When you kneel together as a couple and take turns praying, you one night and your spouse the next, something endearing happens.


This is where you pray together for the welfare of a certain child, or other needs, being specific in your pleadings to the Lord.  It’s where you can express gratitude for your mate in ways that let each other, as well as the Lord, know of the love you feel for one another.  The mere expression in prayer enhances that love.

When we were visiting our son and his family for a week recently, we were pleased to see how diligent they were about having family prayer each morning and then again each evening before the children went to bed.  We wondered if this evening prayer was replacing their couple prayers.  Our wondering didn’t last long.  Our son goes to bed early because he gets up for work at 4:30 in the morning.  His wife is more of a night owl and enjoys staying up later.  We heard our son quietly say to her shortly after the kids were in bed, “Time for me to go to bed. Are you ready for prayer?”  They slipped into their room and had their prayer. 

When she came out, she commented to us about how important that time alone is, providing a space to talk and pray together. It gives them a chance to pour out their heart to each other and to their Father in Heaven as a united couple.  It becomes a powerful witness of the faith and reliance on the Lord.

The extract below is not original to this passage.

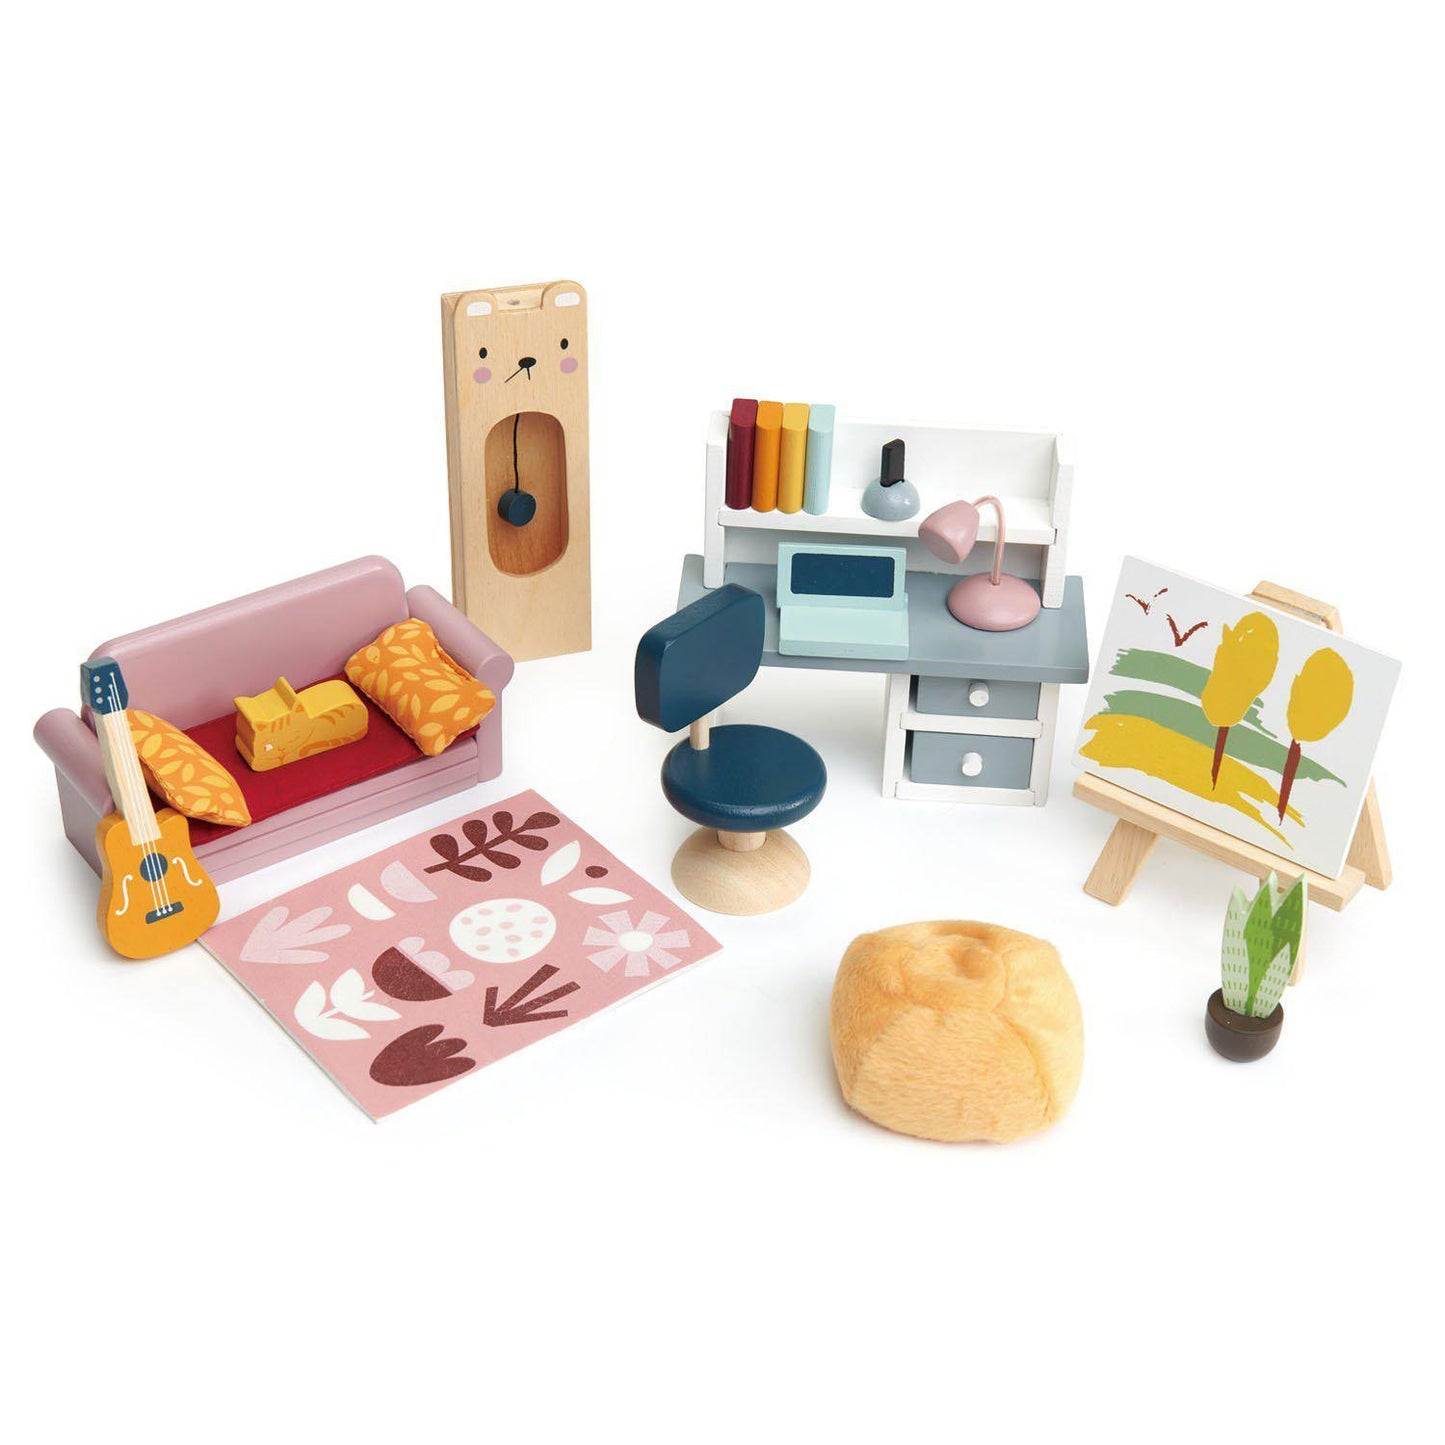 Babaház, prémium minőségű fából - 27 darab, baba nélkül - Tender Leaf Toys-Tender Leaf Toys-2-Játszma.ro - A maradandó élmények boltja

We were expressing the importance of this at a marriage fireside we presented not long ago.  The next evening, as we were setting up for the youth fireside in that same stake, a woman came to us and said, “Last night you told us how important it is to take each other by the hand and kneel by our bed and have prayer together.  We used to do it when we were first married, but fell out of the habit. Last night we decided to start doing it again, and already, in just one day, we are noticing a difference in the tenderness we feel toward each other.” 

Praying together is a gift couples can give to each other.

Let’s Not Forget

In summary, three gifts that must not be forgotten are (1) keep your spouse at the top of your list by giving loving attention; (2) use the two courtesy words, please and thank you, showing respect and gratitude to your spouse and children; and (3) pray together each night as a couple.   These are simple and yet profoundly important gifts that can bring joy to your marriage and to your family, not only at Christmas time, but all year long. 

In addition they may be some of the sweetest gifts we can offer to Jesus Christ, whose birth we celebrate.  Through the scriptures we are taught that “men are, that they might have joy.”   The giving of these gifts brings us this joy, which in turn must surely bring joy to the Lord.